- Promotion: International Wrestling Revolution Group
- Date: December 17, 2000
- City: Naucalpan, State of Mexico
- Venue: Arena Naucalpan

Event chronology
| ← Previous El Castillo del Terror | Next → IWRG 5th Anniversary Show |

Arena Naucalpan Anniversary Show chronology
| ← Previous 22nd Anniversary | Next → 24th Anniversary |

= Arena Naucalpan 23rd Anniversary Show =

2000 International Wrestling Revolution Group event

The Arena Naucalpan 23rd Anniversary Show was a major annual professional wrestling event produced and scripted by the Mexican professional wrestling promotion International Wrestling Revolution Group (IWRG), which took place on December 17, 2000 in Arena Naucalpan, Naucalpan, State of Mexico, Mexico.

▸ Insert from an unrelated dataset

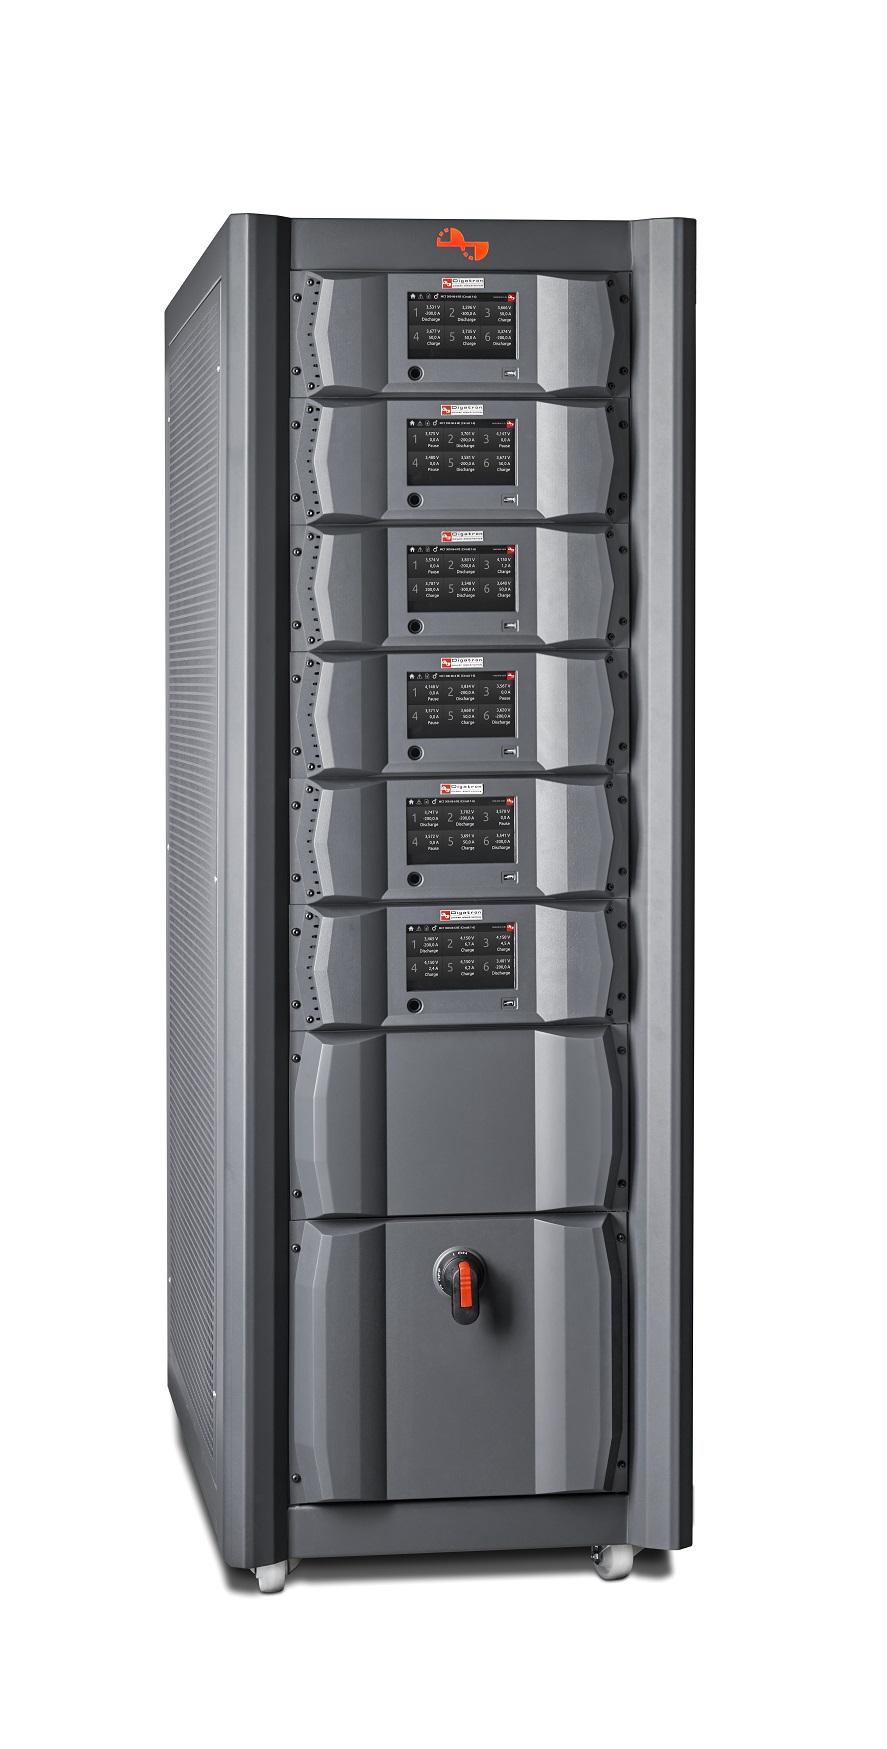 Digatron MCT-RE, für Hochstromtests an Starterbatterien, höchst ernergie- und kosteneffizient

As the name implies the show celebrated the 23rd Anniversary of the construction of Arena Naucalpan, IWRG's main venue in 1977. The show is IWRG's longest-running show, predating IWRG being founded in 1996 and is the fourth oldest, still held annual show in professional wrestling.

In the main event of the show Último Vampiro ("The Last Vampire") defeated Oficial in a Lucha de Apuestas, mask vs. mask match, forcing Oficial to unmask and state his birth name per lucha libre traditions. In the semi-main event match Los Megas (Mega and Super Mega) successfully defended the IWRG Intercontinental Tag Team Championship against the tag team of Fantasy and Star Boy

==Production==

===Background===
The location at Calle Jardín 19, Naucalpan Centro, 53000 Naucalpan de Juárez, México, Mexico was originally an indoor roller rink for the locals in the late part of the 1950s known as "Cafe Algusto". By the early-1960s, the building was sold and turned into "Arena KO Al Gusto" and became a local lucha libre or professional wrestling arena, with a ring permanently set up in the center of the building. Promoter Adolfo Moreno began holding shows on a regular basis from the late 1960s, working with various Mexican promotions such as Empresa Mexicana de Lucha Libre (EMLL) to bring lucha libre to Naucalpan. By the mid-1970s the existing building was so run down that it was no longer suitable for hosting any events. Moreno bought the old build and had it demolished, building Arena Naucalpan on the same location, becoming the permanent home of Promociones Moreno. Arena Naucalpan opened its doors for the first lucha libre show on December 17, 1977. From that point on the arena hosted regular weekly shows for Promociones Moreno and also hosted EMLL and later Universal Wrestling Association (UWA) on a regular basis. In the 1990s the UWA folded and Promociones Moreno worked primarily with EMLL, now rebranded as Consejo Mundial de Lucha Libre (CMLL).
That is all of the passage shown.